PROBLEM TO WORK ON. Nothing but the text belongs in the answer: the listing below, copied exactly, without pictures.

** Opening DATASET EXTRACT block **

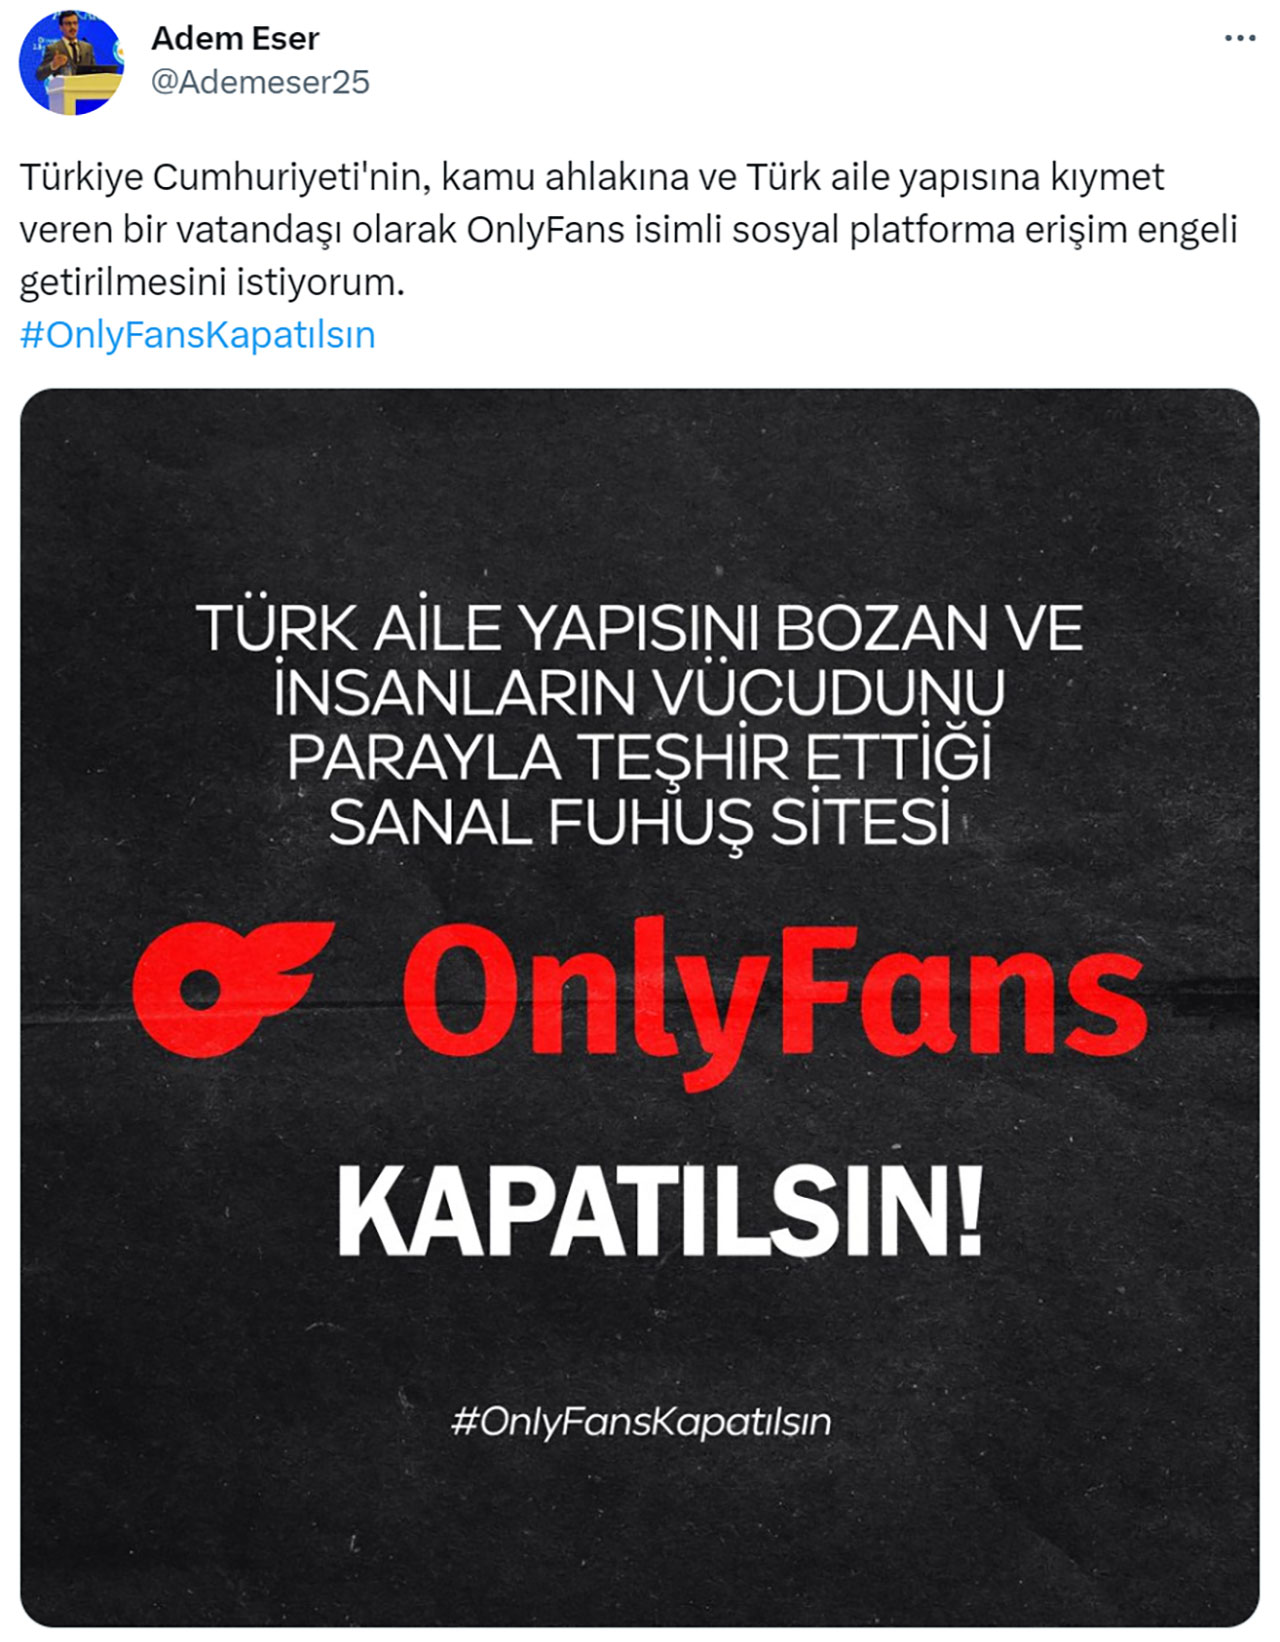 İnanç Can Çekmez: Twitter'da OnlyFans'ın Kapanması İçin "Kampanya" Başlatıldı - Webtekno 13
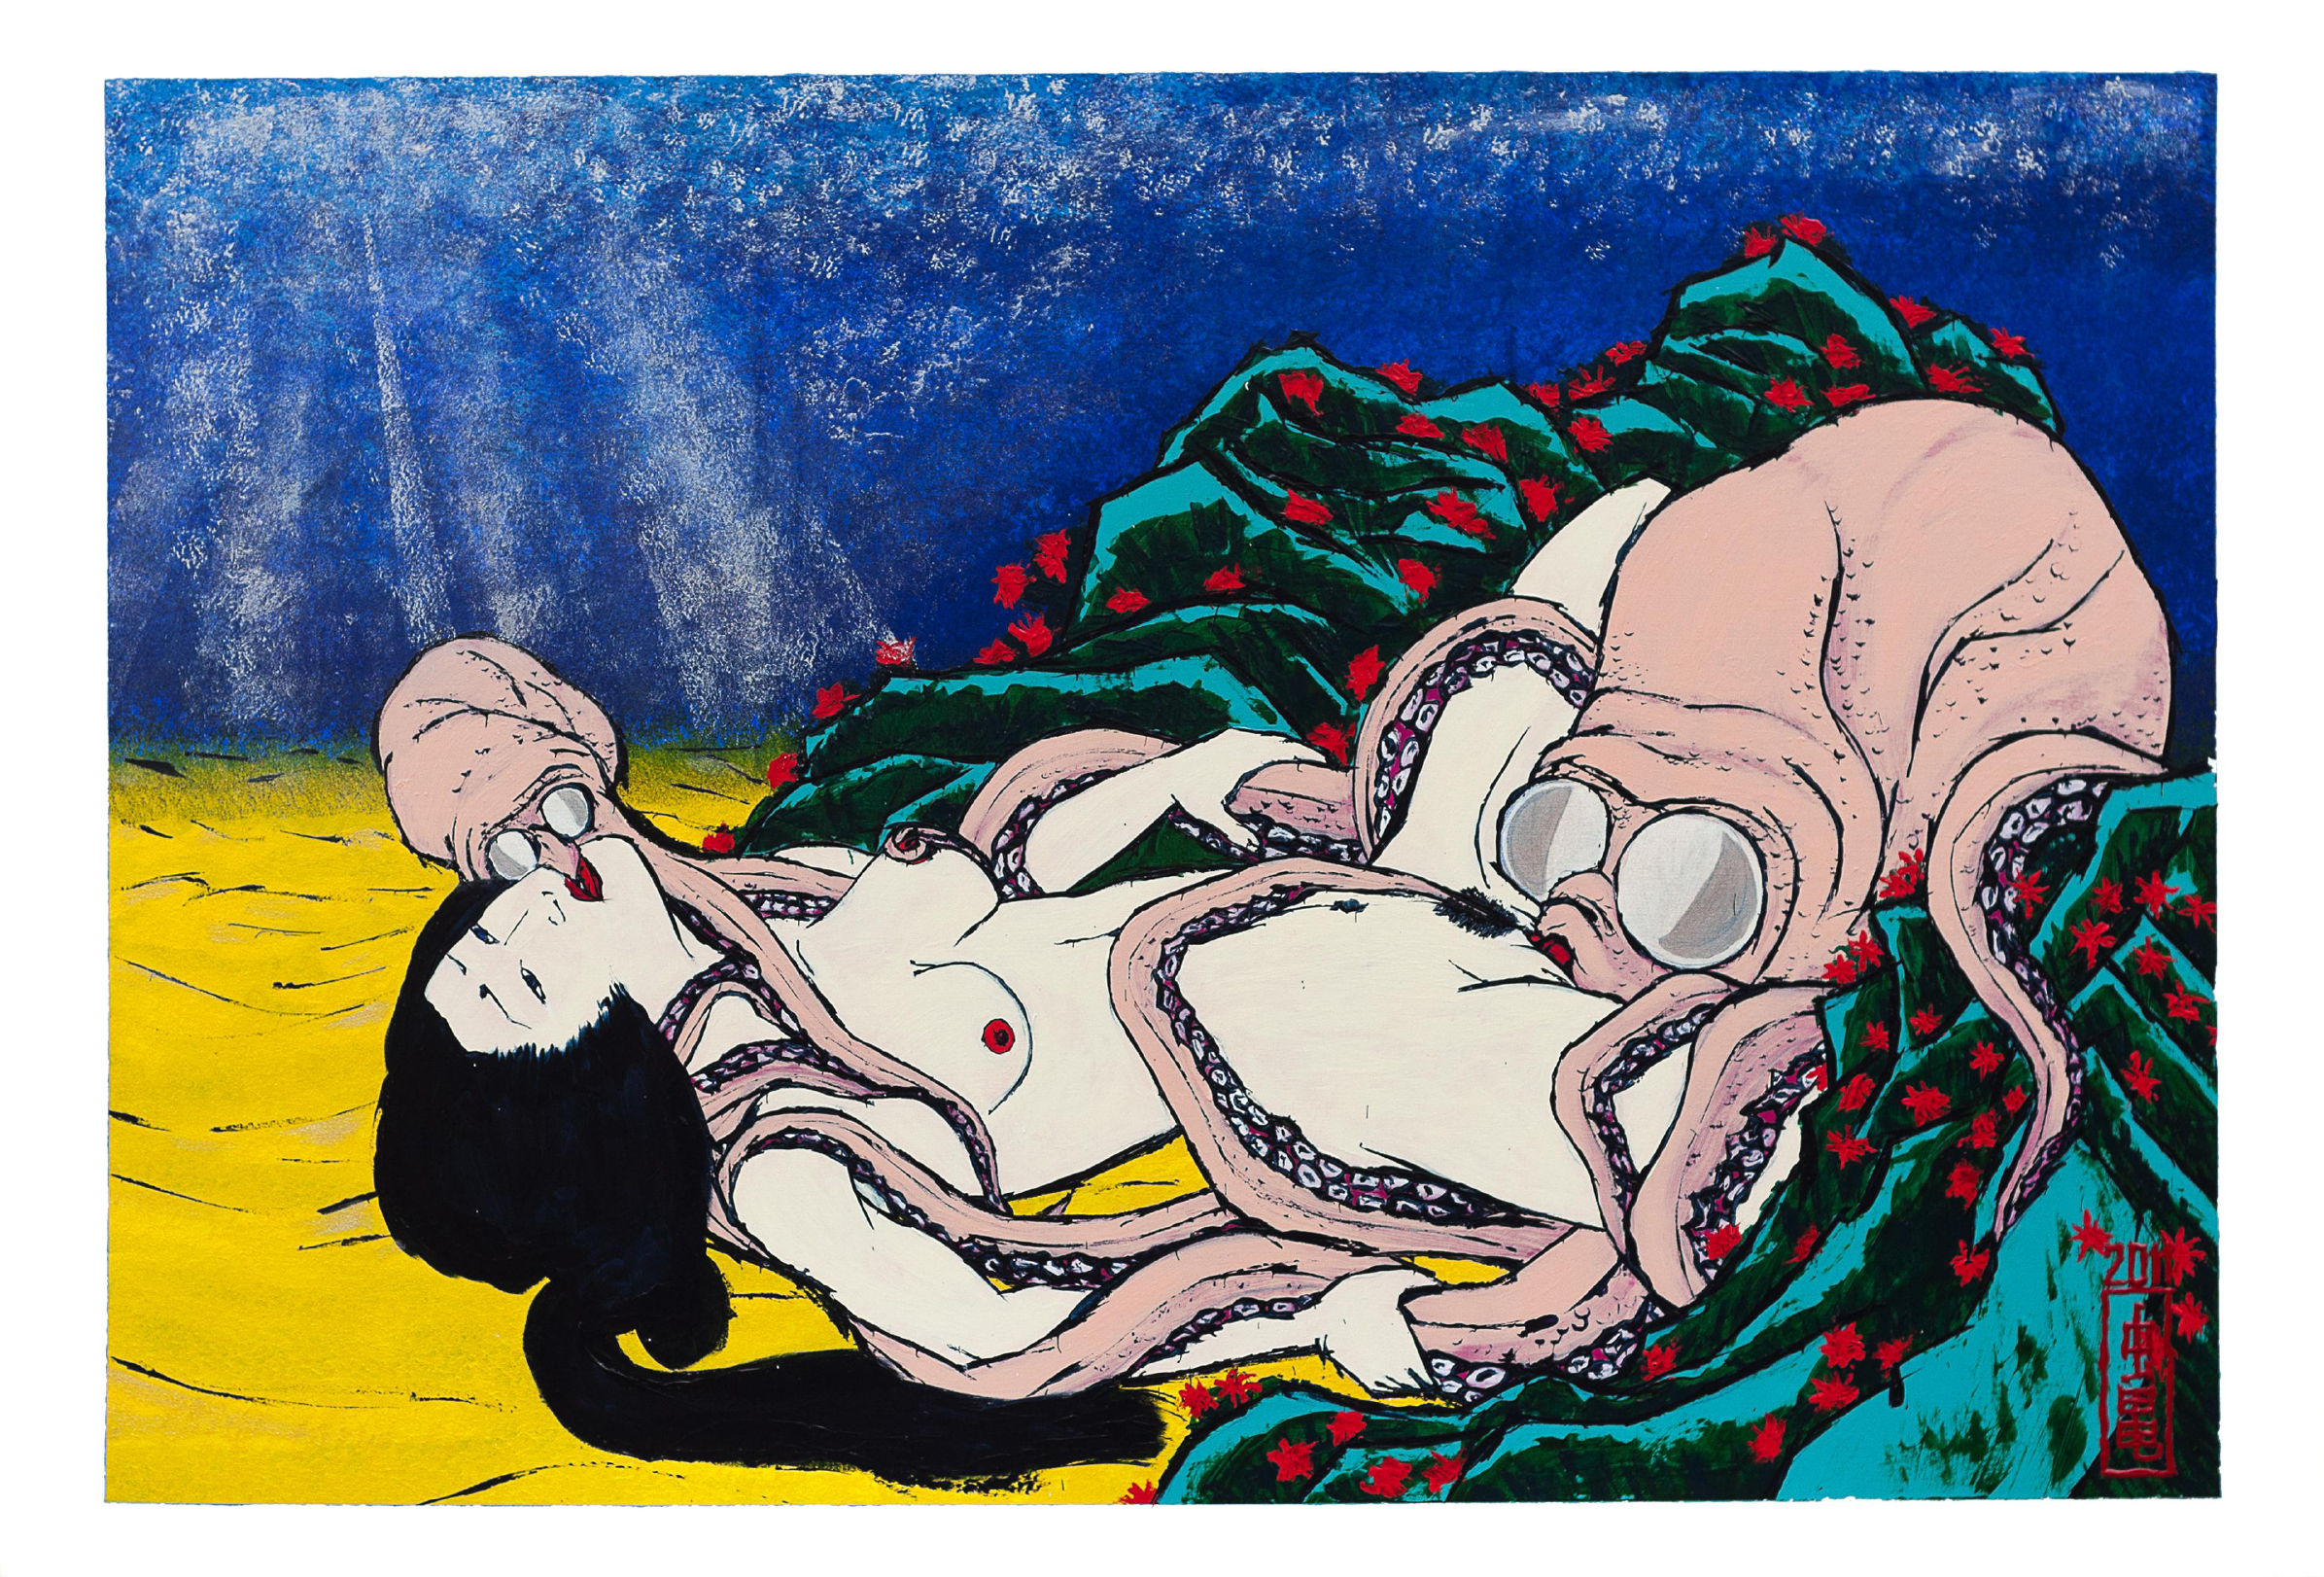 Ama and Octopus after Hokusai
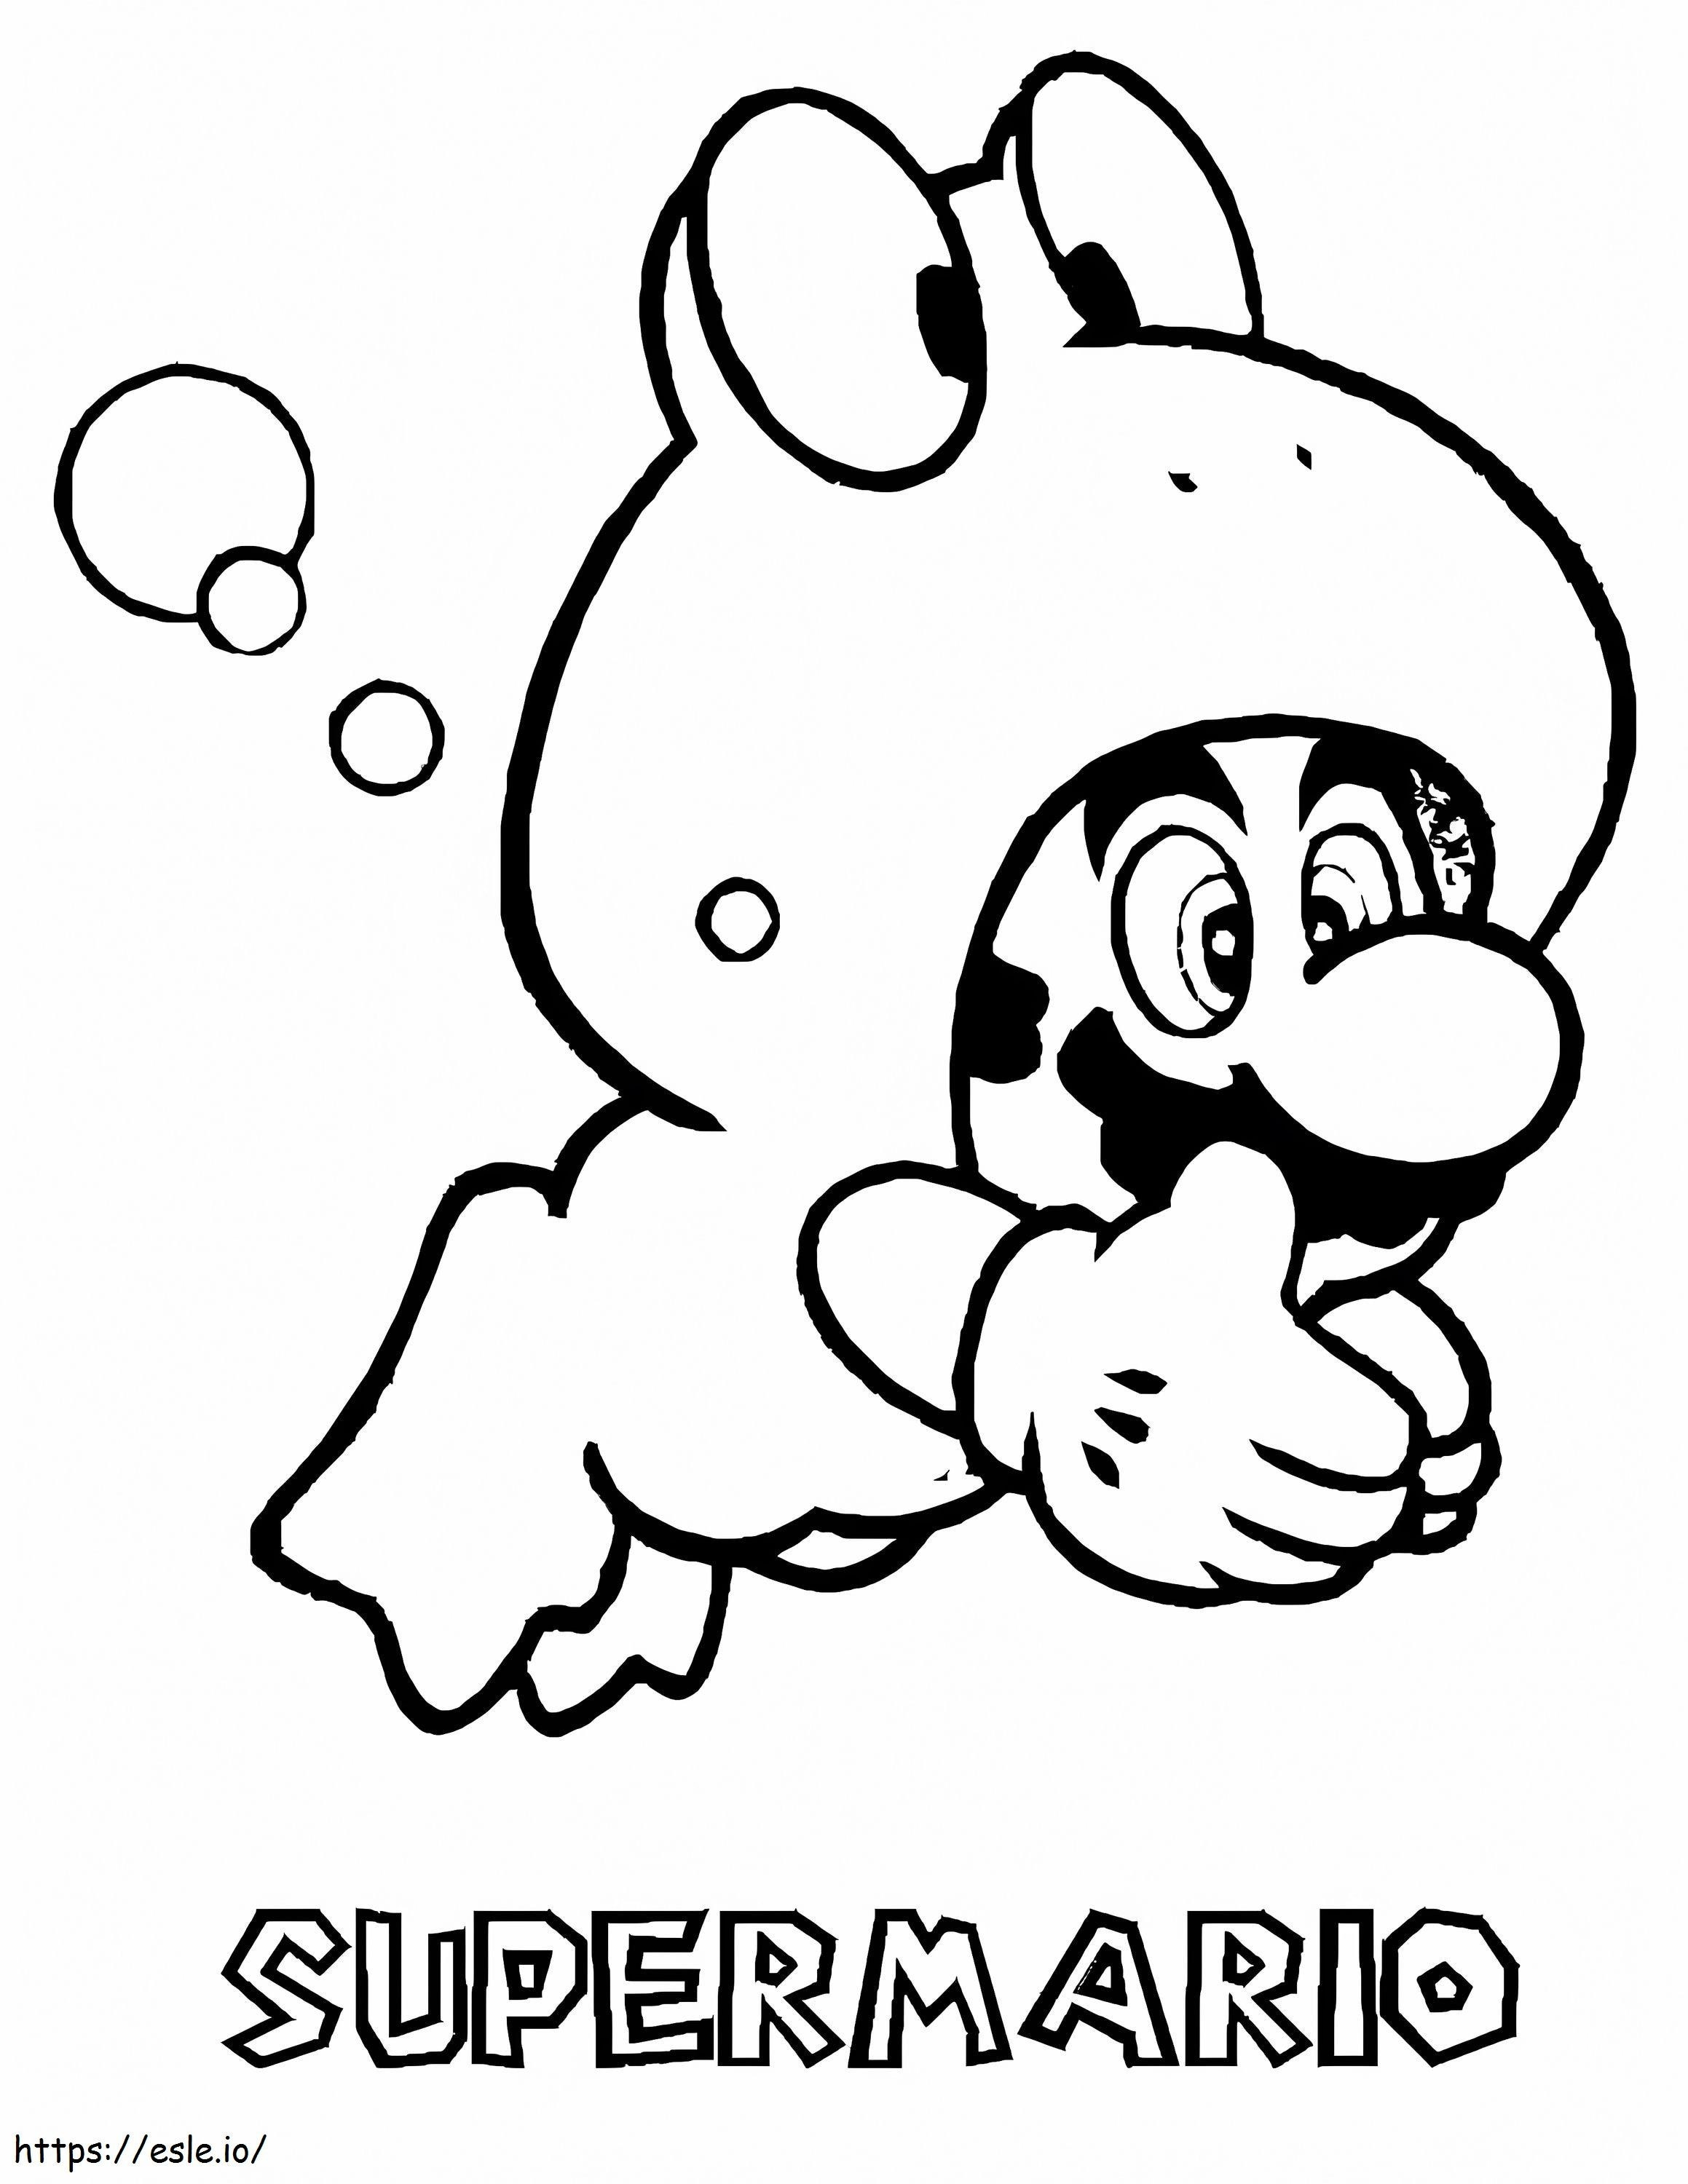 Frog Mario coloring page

** Closing DATASET EXTRACT block **

OUTPUT FOR THIS TASK.
 İnanç Can Çekmez: Twitter'da OnlyFans'ın Kapanması İçin "Kampanya" Başlatıldı - Webtekno 13
 Ama and Octopus after Hokusai
 Frog Mario coloring page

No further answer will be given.